Among the entries below, only the lines from the one with "Pokrowiec na fotel" through the one with "Windmills, cloudy sky, sunset, 2880x1800" are wanted, reproduced exactly. Pictures are not wanted.

*** Entries shown

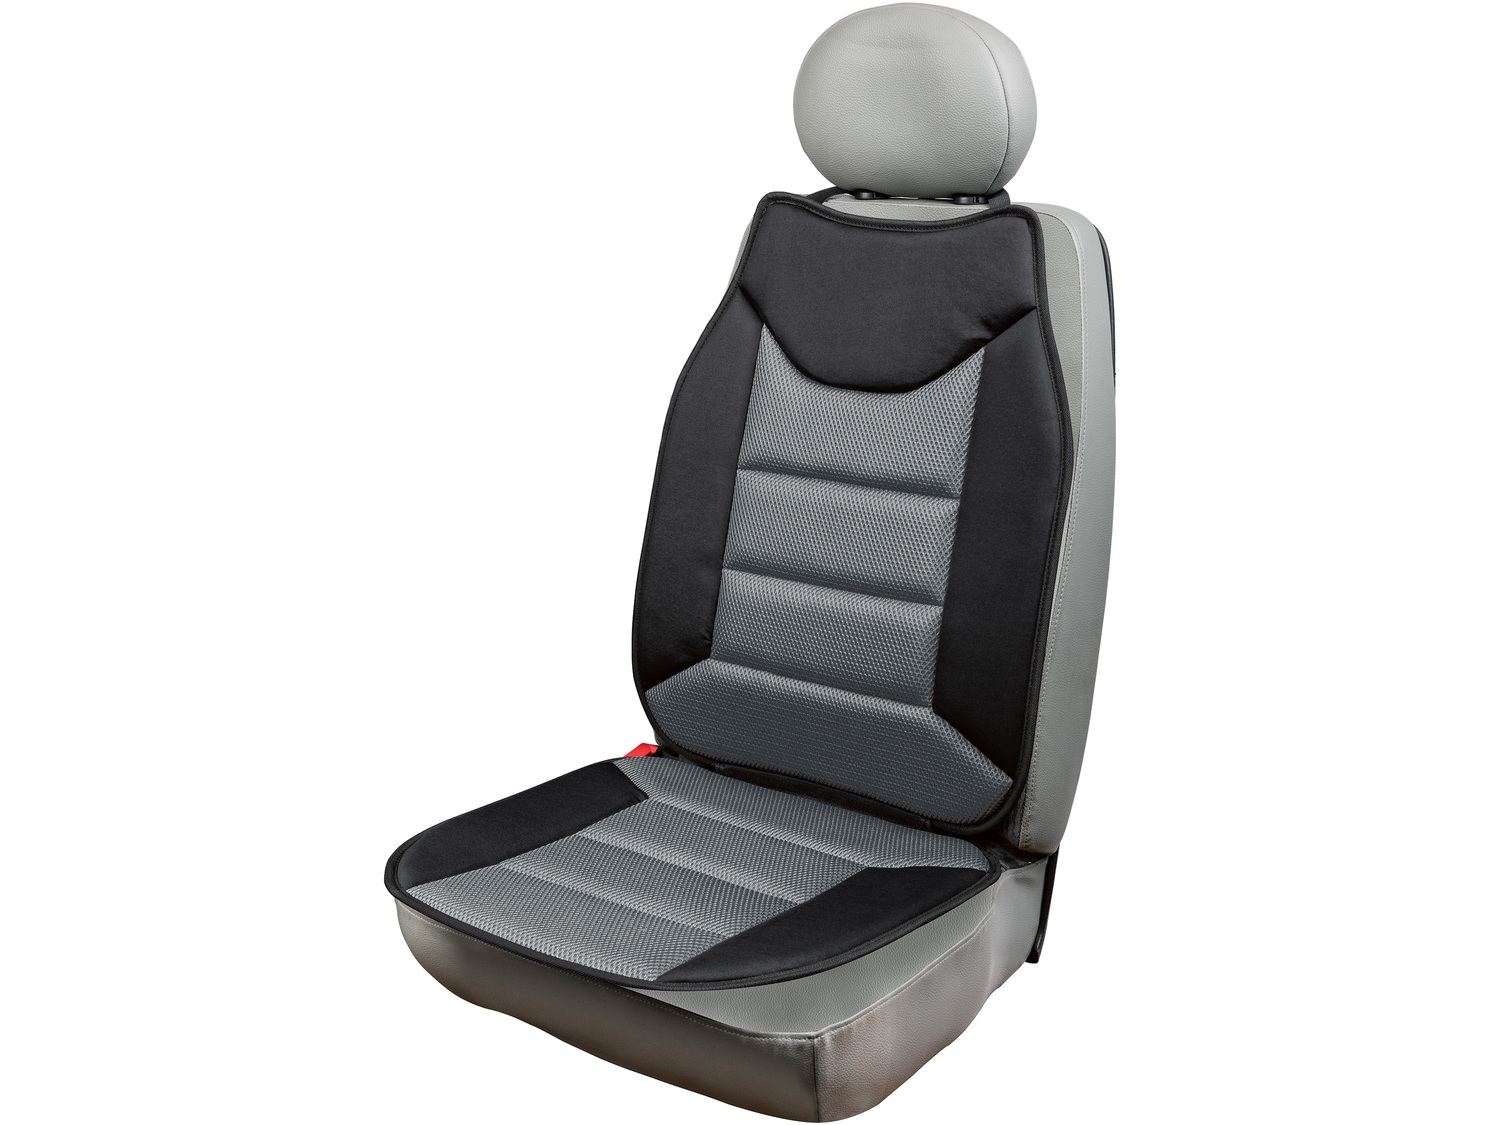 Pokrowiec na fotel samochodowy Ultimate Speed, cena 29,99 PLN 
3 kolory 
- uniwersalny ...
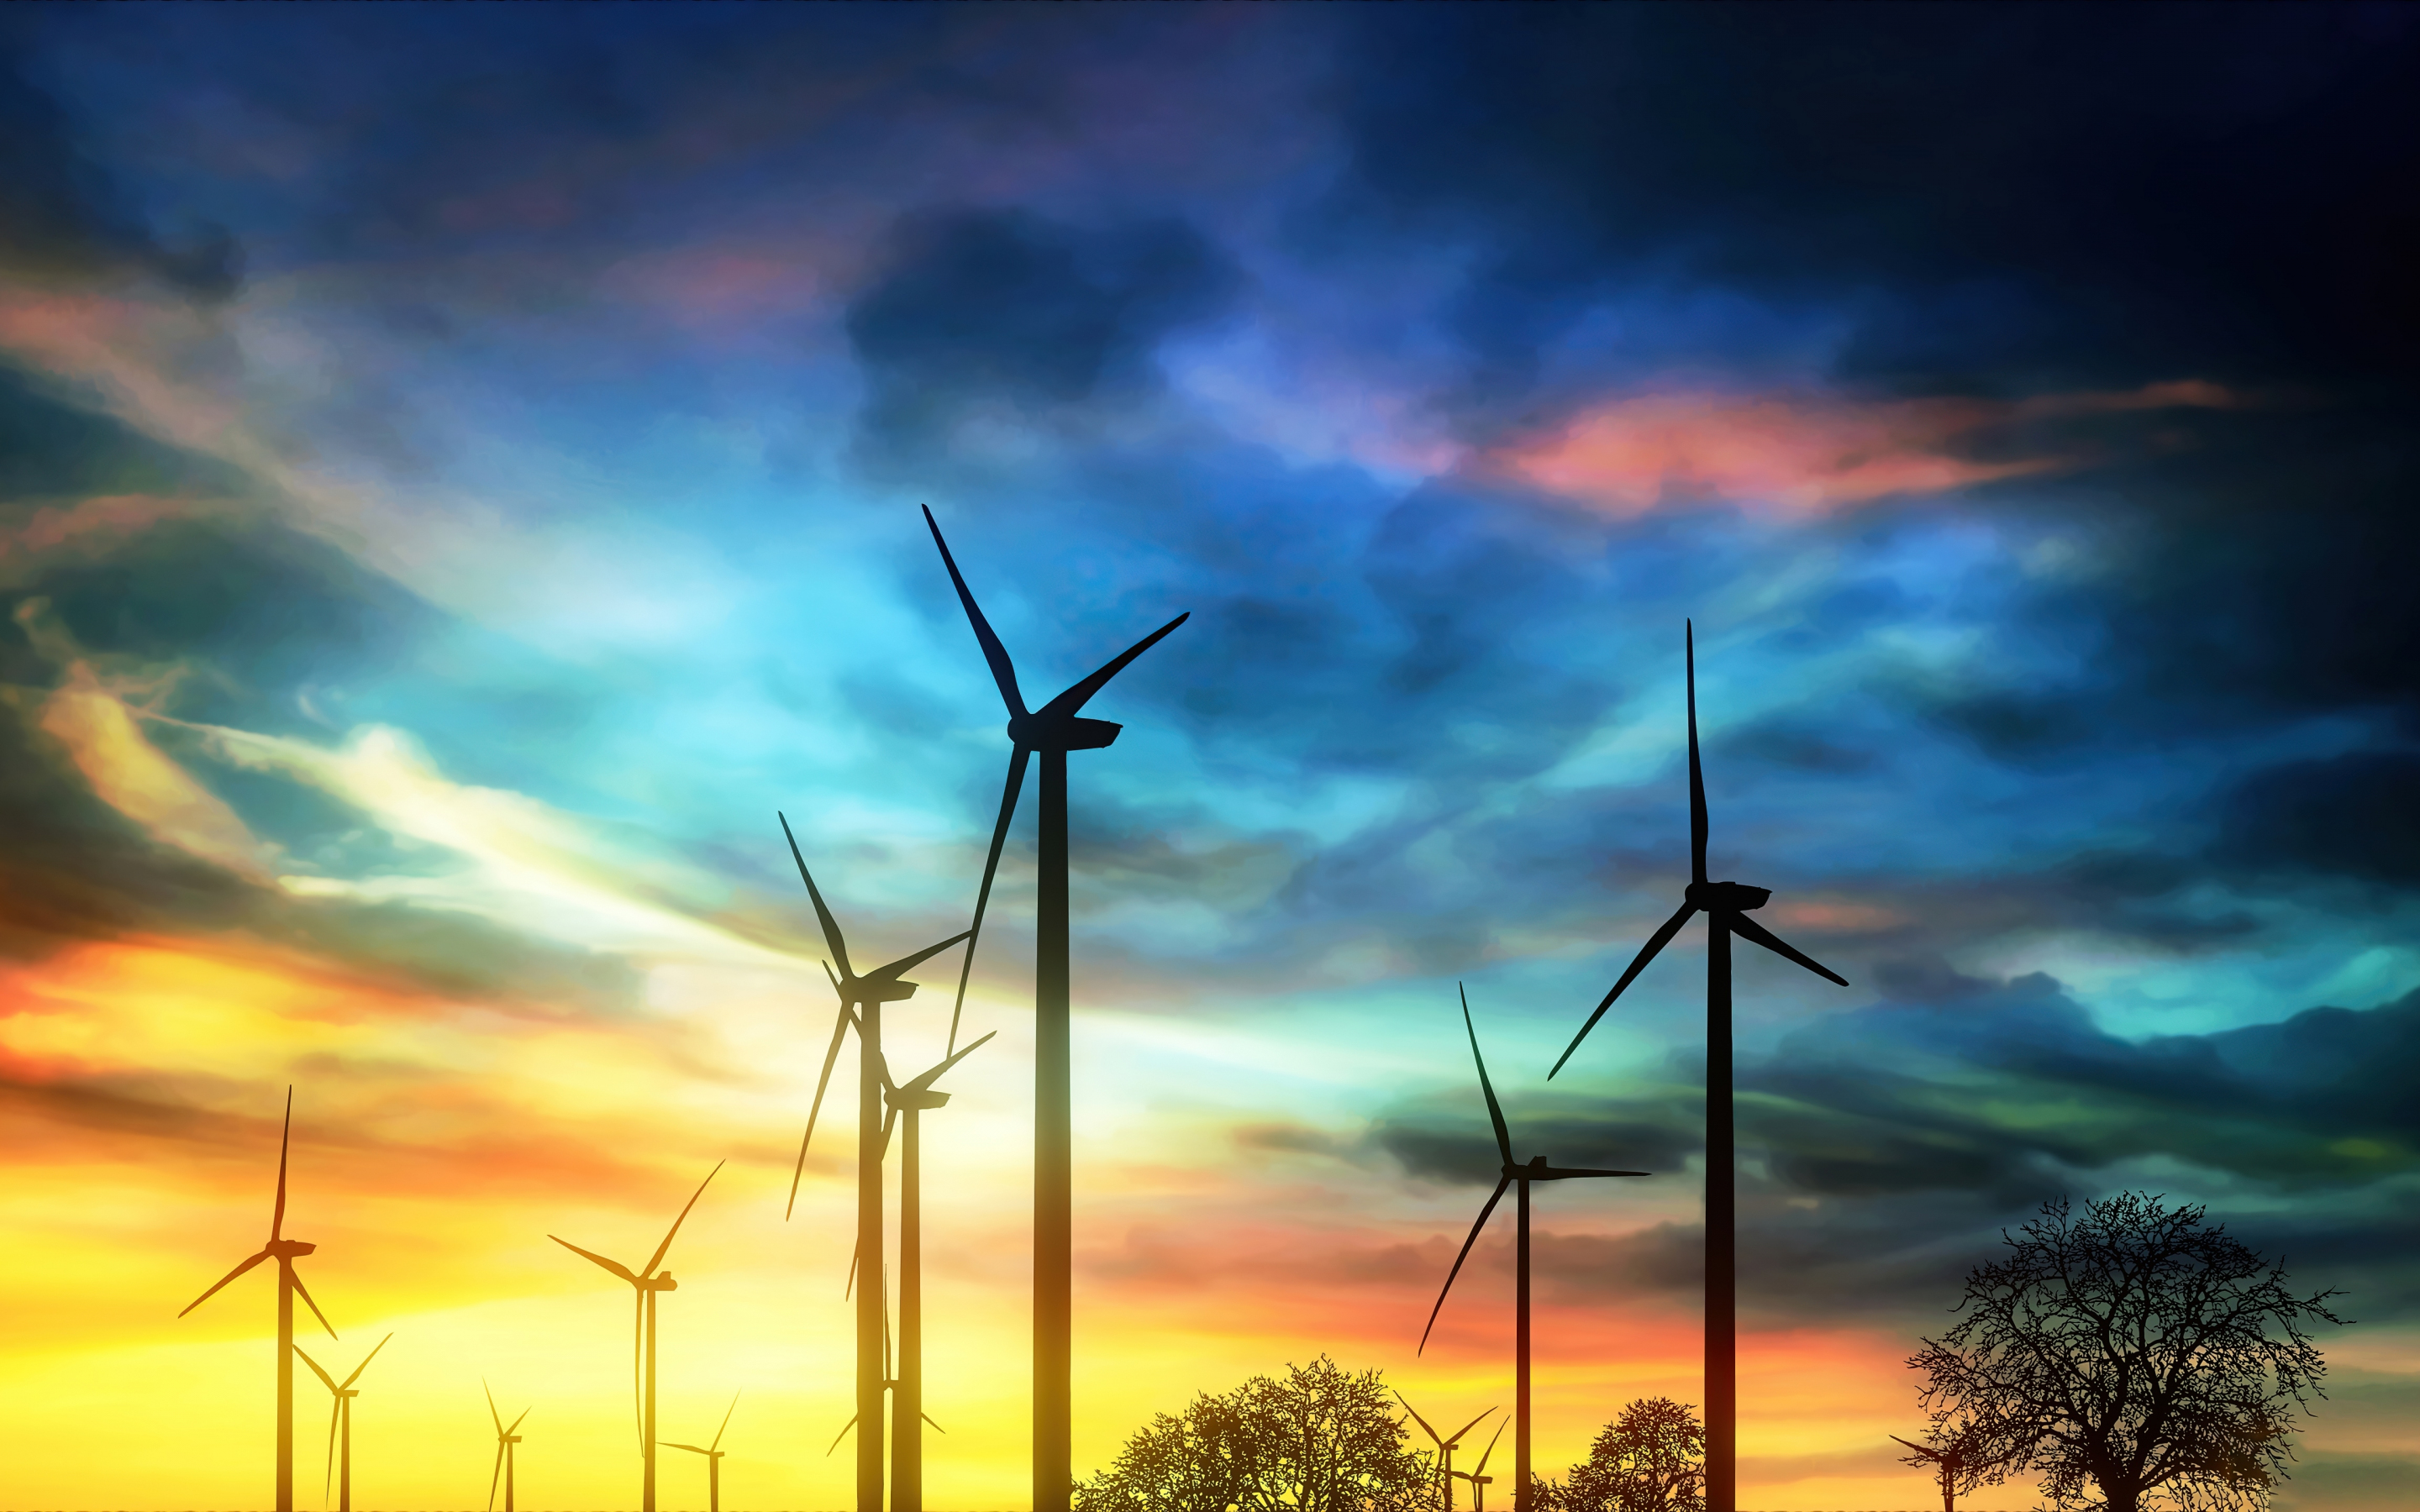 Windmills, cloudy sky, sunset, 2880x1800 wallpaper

******
*** Entries shown

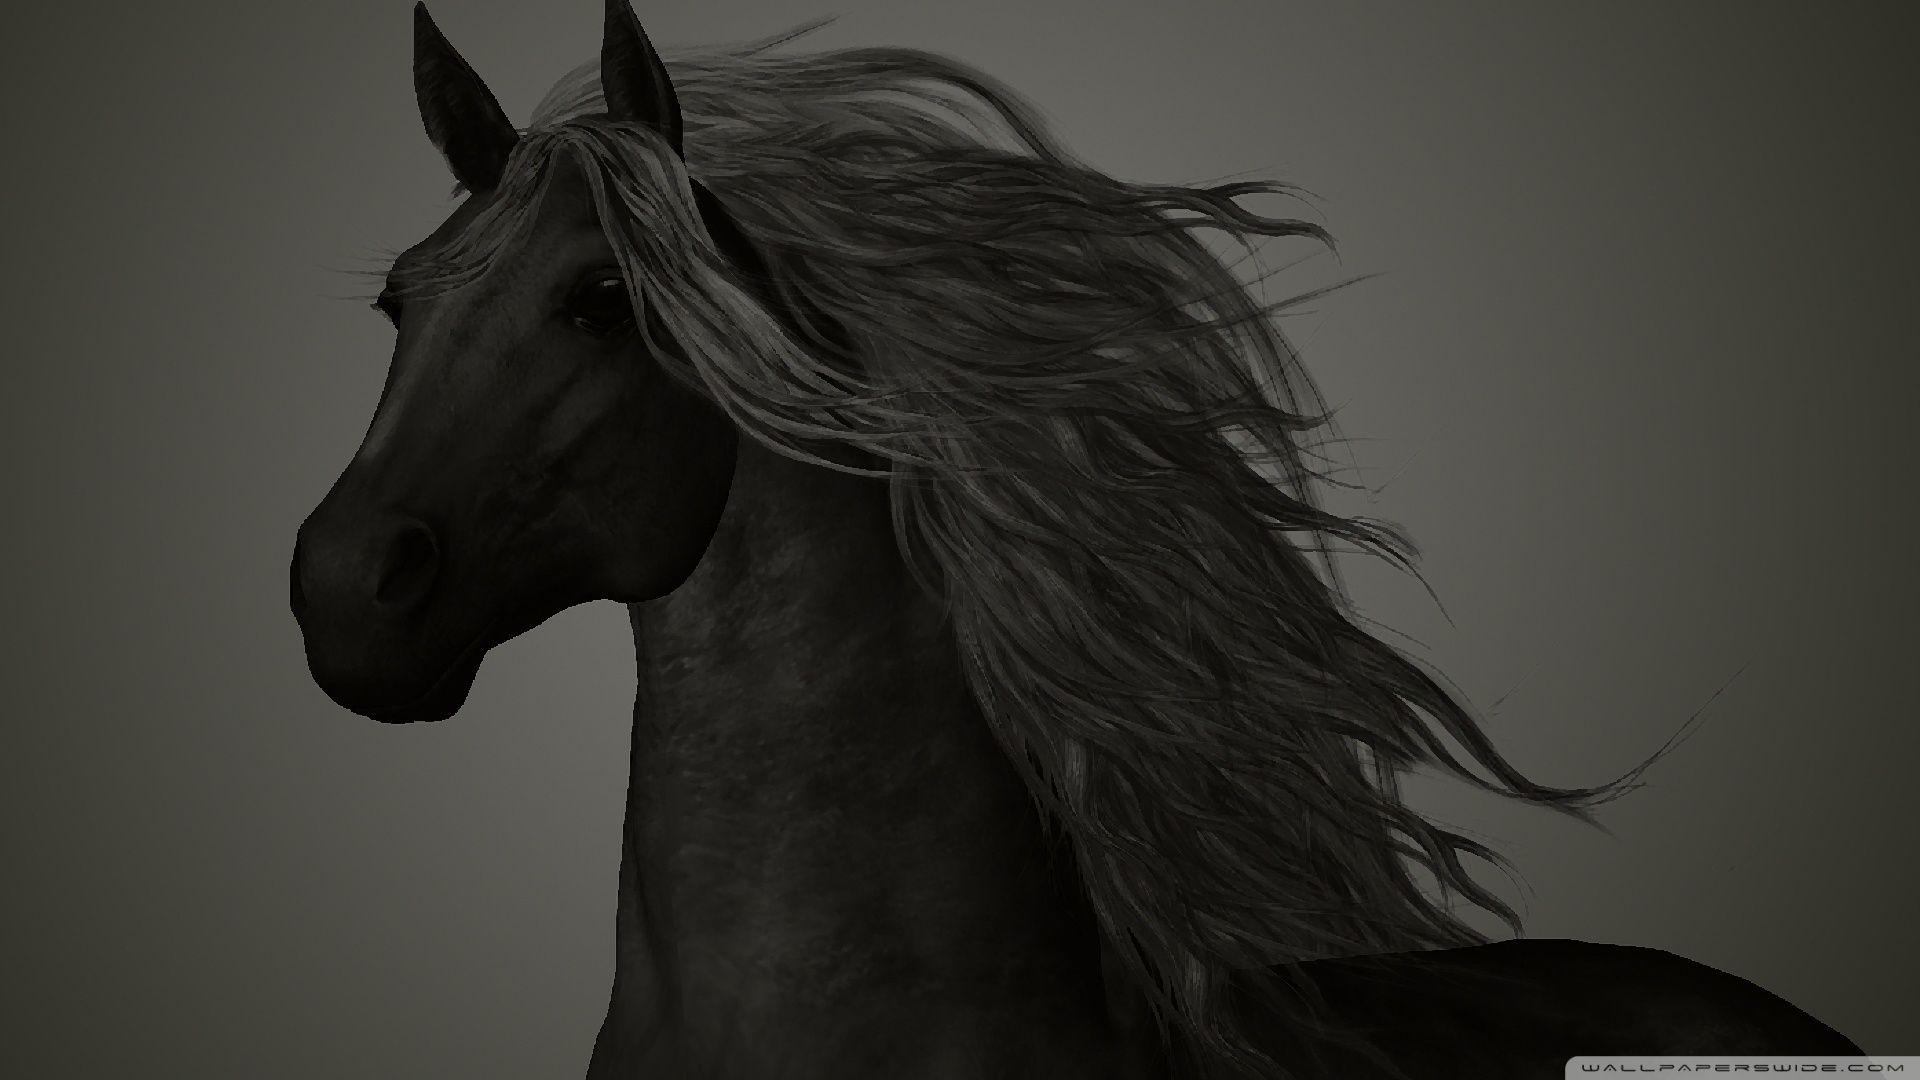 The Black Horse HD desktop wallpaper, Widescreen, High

******

### Completed task:
 Pokrowiec na fotel samochodowy Ultimate Speed, cena 29,99 PLN 
3 kolory 
- uniwersalny ...
 Windmills, cloudy sky, sunset, 2880x1800 wallpaper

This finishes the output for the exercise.